Testing the Migration

# Run full test suite
npm test

# Test specific components
npm test queue-manager
npm test queue-processor
npm test queue-api
npm test queue-sse

Performance Considerations

Before Migration

  • Blocking Operations: Each request blocked a server thread
  • Single Processing: One extraction at a time
  • No Progress: Users waited without feedback
  • Memory Usage: High memory usage during long operations

After Migration

  • Non-blocking: Requests return immediately
  • Concurrent Processing: Multiple extractions in parallel
  • Real-time Feedback: Live progress updates
  • Efficient Memory: Event-driven, minimal memory footprint

Performance Metrics

  • Response Time: 50ms (queue) vs 30-60s (synchronous)
  • Throughput: 2x concurrent processing vs 1x sequential
  • User Experience: Immediate feedback vs long waiting
  • Error Recovery: Automatic retries vs manual restart

Rollback Plan

If issues arise, the system can be rolled back by:

  1. Disable Queue Processing

    QUEUE_PROCESSING_ENABLED=false
    
  2. Re-enable Legacy Endpoints (if preserved)

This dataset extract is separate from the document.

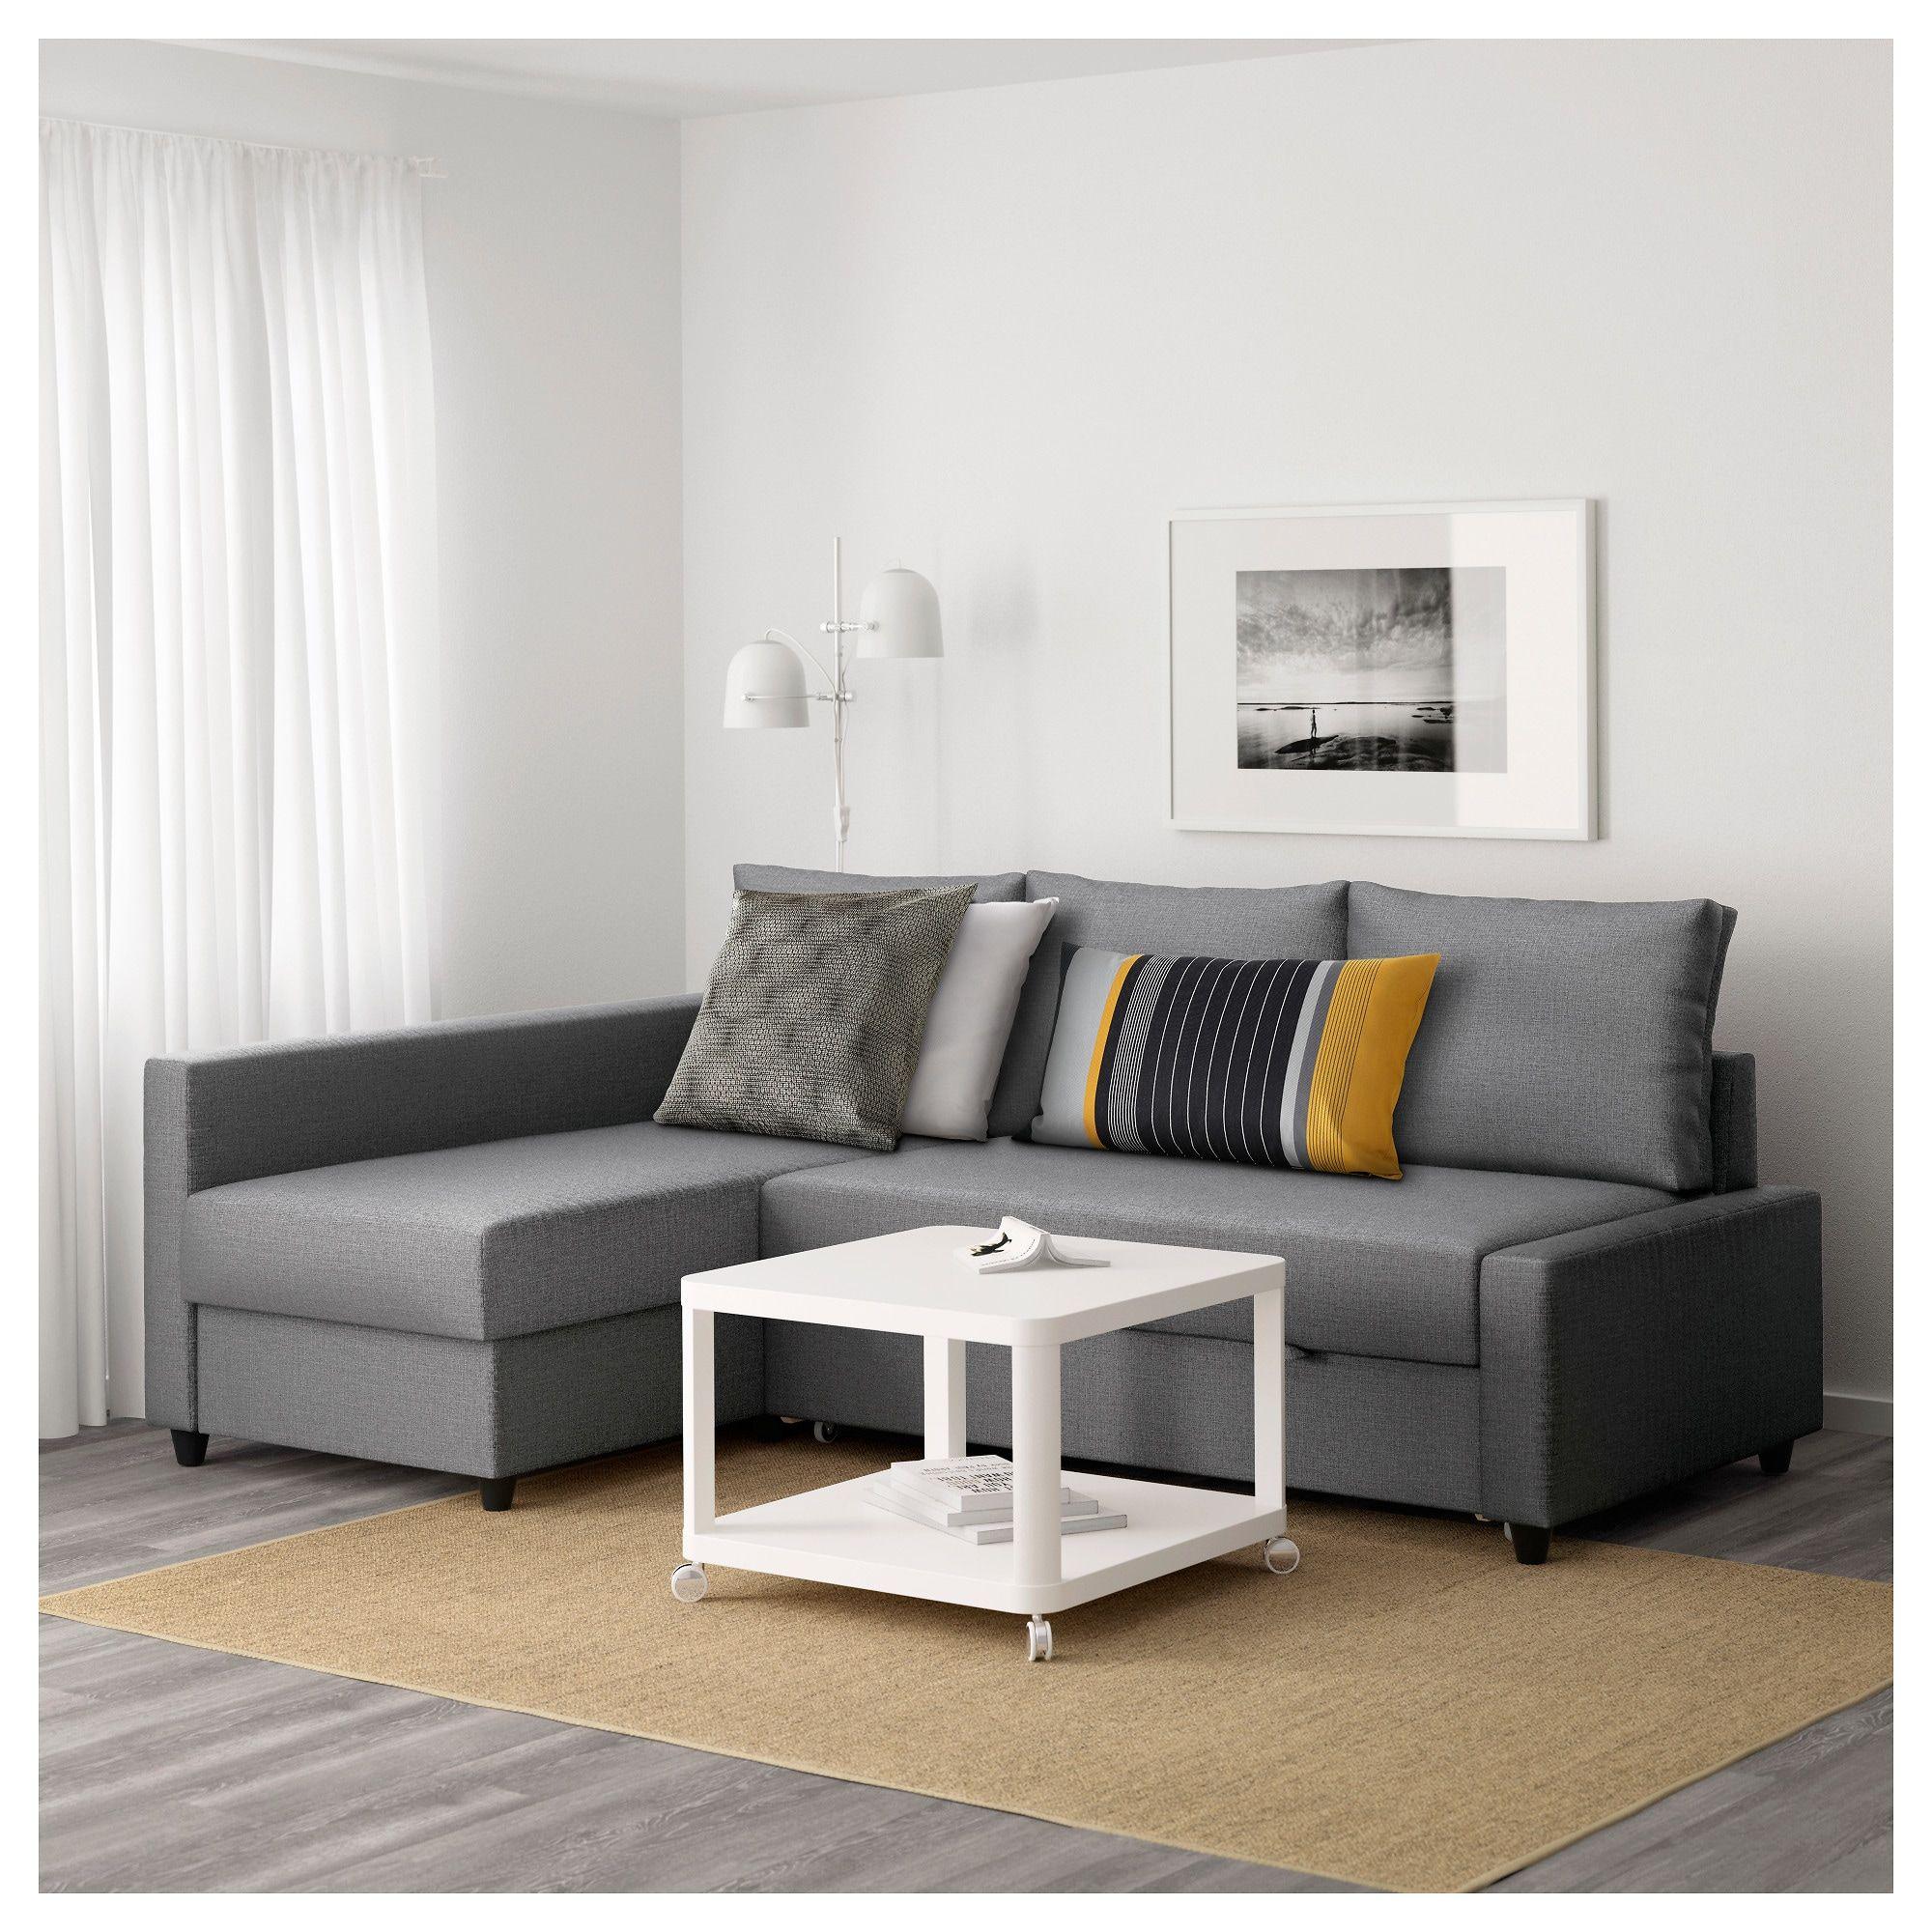 Friheten Skiftebo Dark Grey Corner Sofa Bed With Storage Ikea Corner Sofa Bed With Storage Sofa Bed With Storage Ikea Sofa Bed

    // Temporary fallback to synchronous processing
    app.post('/api/extract', legacyExtractHandler);
    
  3. Database Migration (if applicable)

    • Queue data is in-memory and will be lost on restart
    • No persistent data migration needed for rollback

Troubleshooting

Common Issues

  1. Queue Items Stuck in 'pending'

    • Cause: Queue processor not started
    • Solution: Check logs for processor initialization errors
  2. SSE Connection Failures

    • Cause: HTTPS certificate issues or browser security
    • Solution: Verify SSL setup and CORS configuration
  3. Push Notifications Not Working

    • Cause: Missing VAPID keys or HTTPS requirement
    • Solution: Generate VAPID keys and ensure HTTPS
  4. High Memory Usage

    • Cause: Too many concurrent queue items
    • Solution: Reduce QUEUE_CONCURRENCY setting

Debugging Tools

# Check queue status
curl https://localhost:5173/api/queue

# Monitor SSE stream
curl -N -H "Accept: text/event-stream" \
  https://localhost:5173/api/queue/stream

# Test push notification subscription
curl -X POST https://localhost:5173/api/notifications/vapid-key

Conclusion

The migration to an async queue system represents a significant architectural improvement that provides:

  • Better User Experience: Immediate responses and real-time progress
  • Improved Reliability: Error recovery and retry mechanisms
  • Enhanced Performance: Concurrent processing and resource efficiency
  • Modern Features: Push notifications and PWA capabilities

The new system maintains backward compatibility during the transition period while providing a clear migration path for all integrations.

For questions or issues during migration, refer to the comprehensive test suite and documentation, or open an issue in the project repository.